• **WHAT NEEDS TO BE DONE**
Images do not belong in the copy. Retype all the entries below exactly.

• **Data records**
■ ■ ■
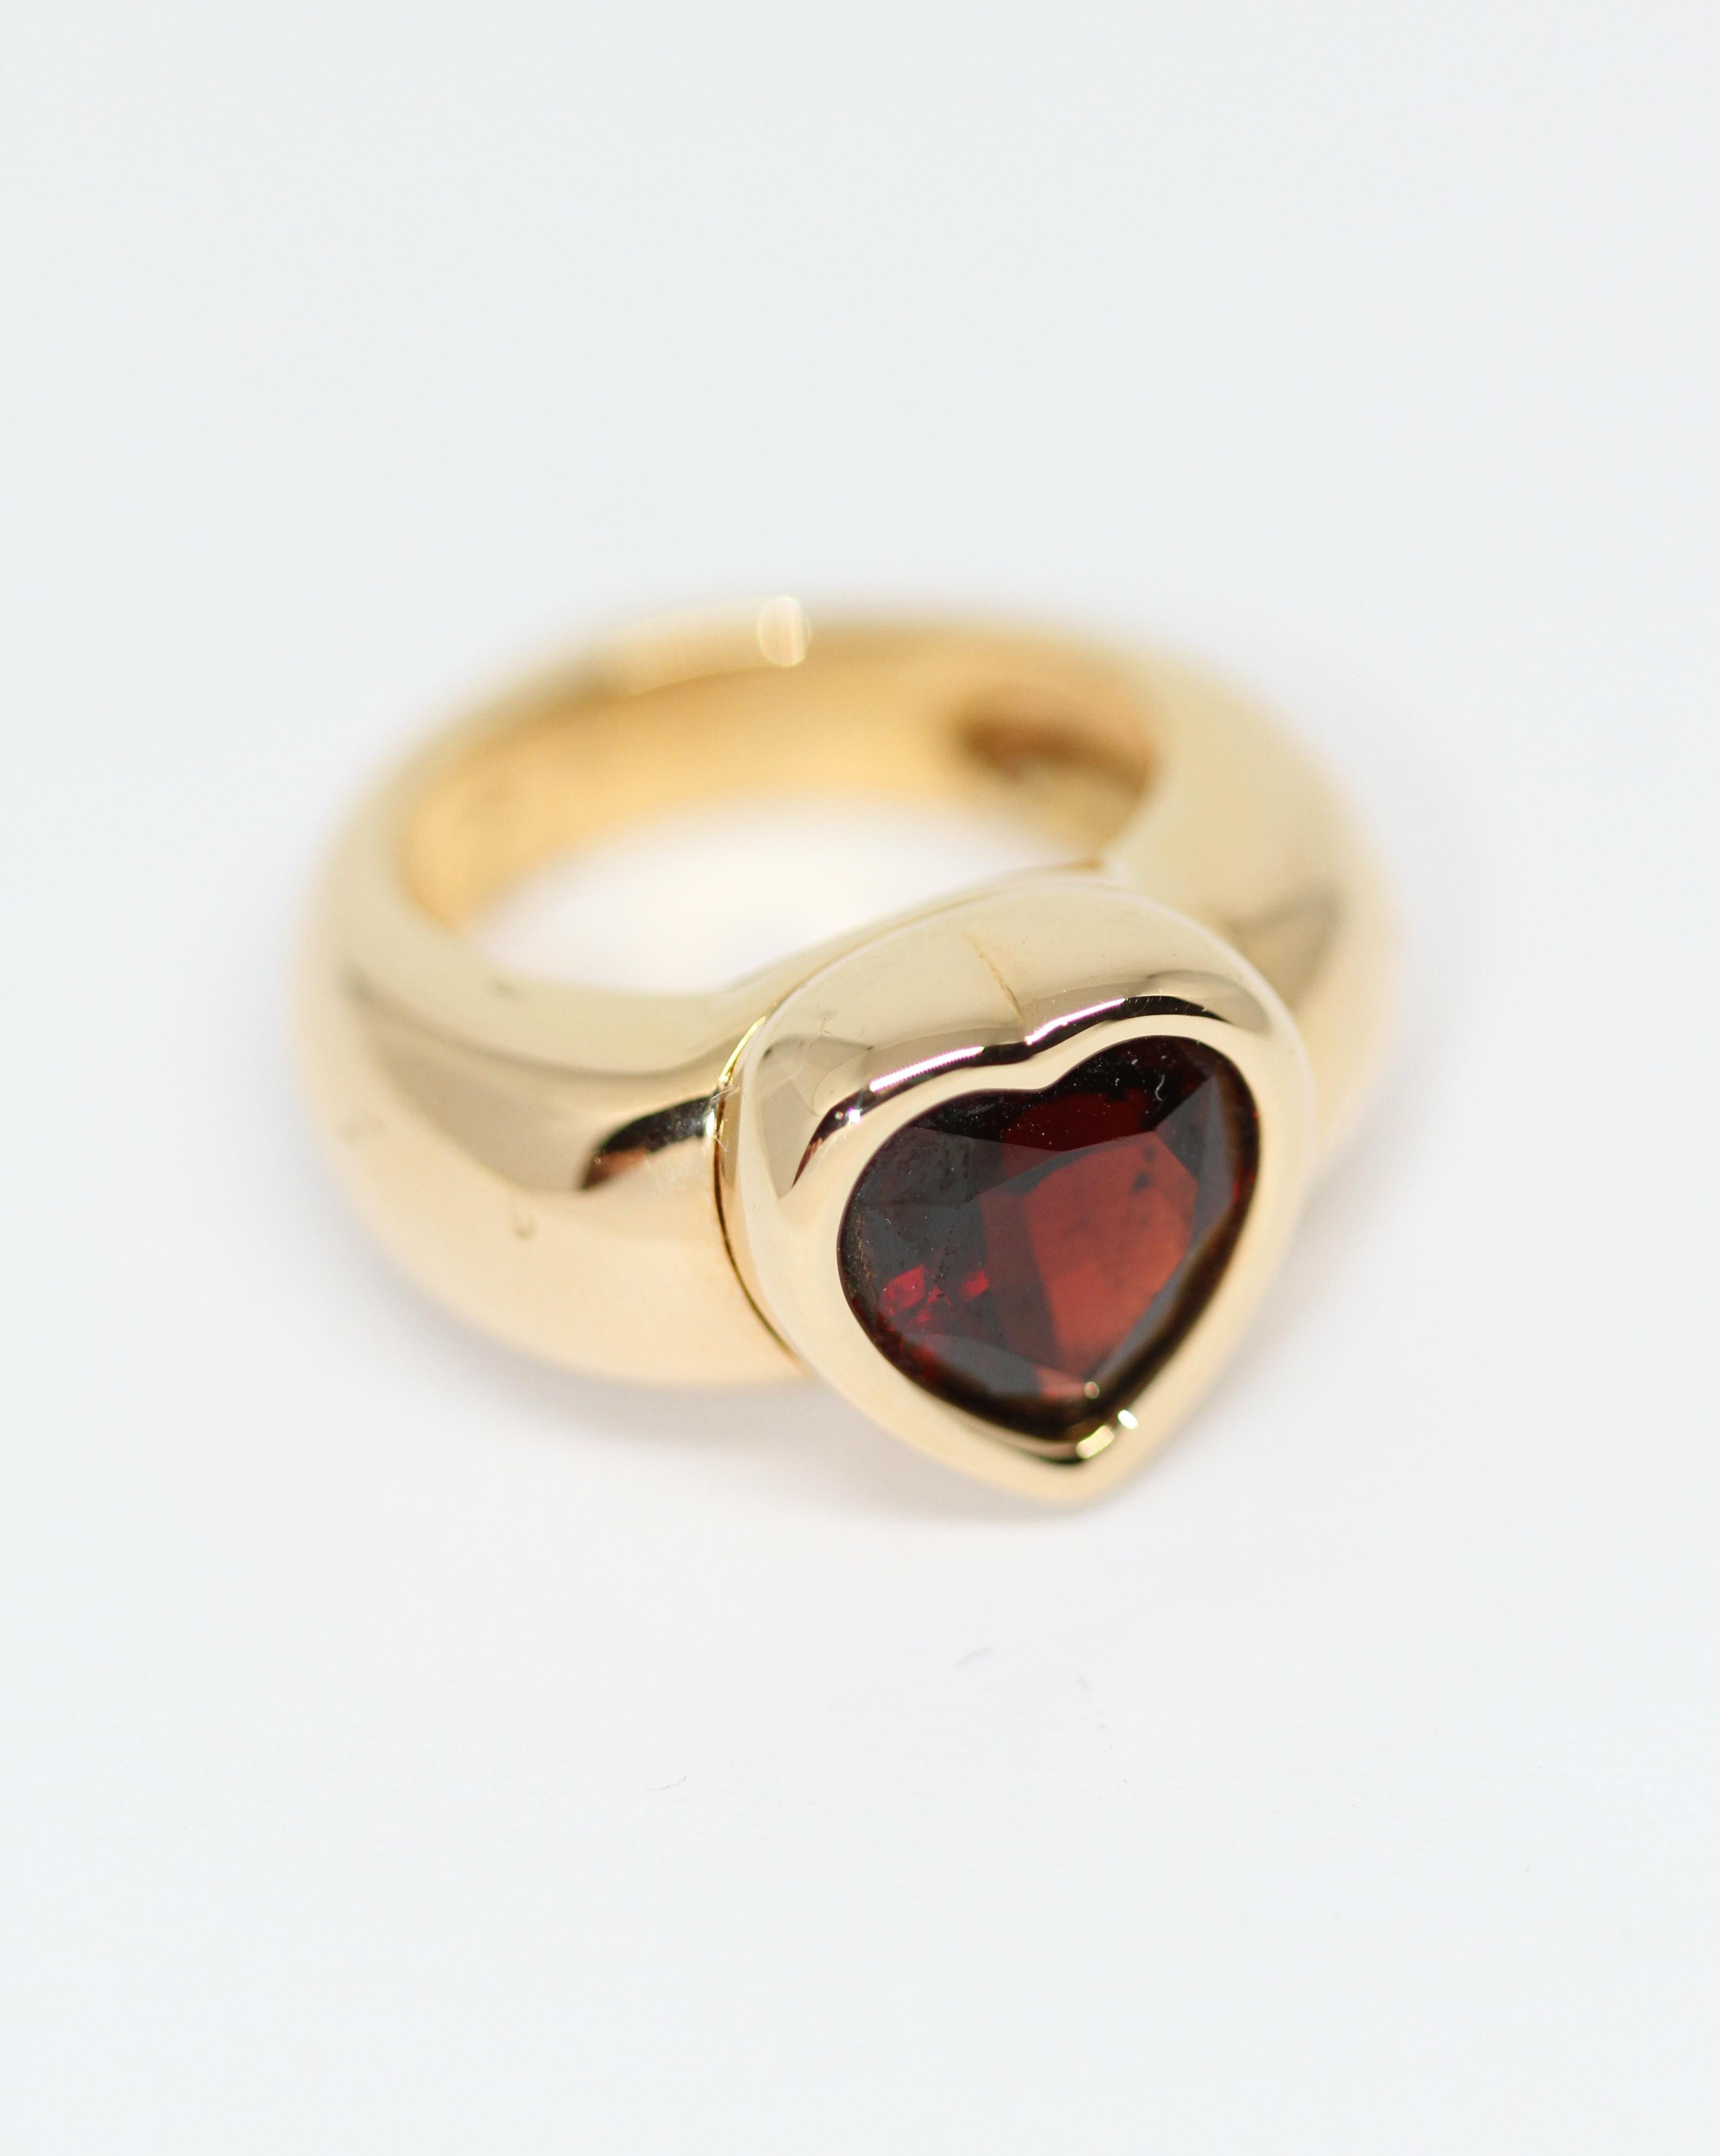 This elegant ring signed from the house of Piaget is made in 18kt rose gold and set with a heart shape garnet. 

Year: 1997
Collection: Heart
Material: 18 kt rose gold and garnet - rhodolite
Size: 52 - approx. 6.5
Weight: 14.99gr
Condition:
■ ■ ■
• **OUTPUT FOR THIS TASK**
 This elegant ring signed from the house of Piaget is made in 18kt rose gold and set with a heart shape garnet. 

Year: 1997
Collection: Heart
Material: 18 kt rose gold and garnet - rhodolite
Size: 52 - approx. 6.5
Weight: 14.99gr
Condition:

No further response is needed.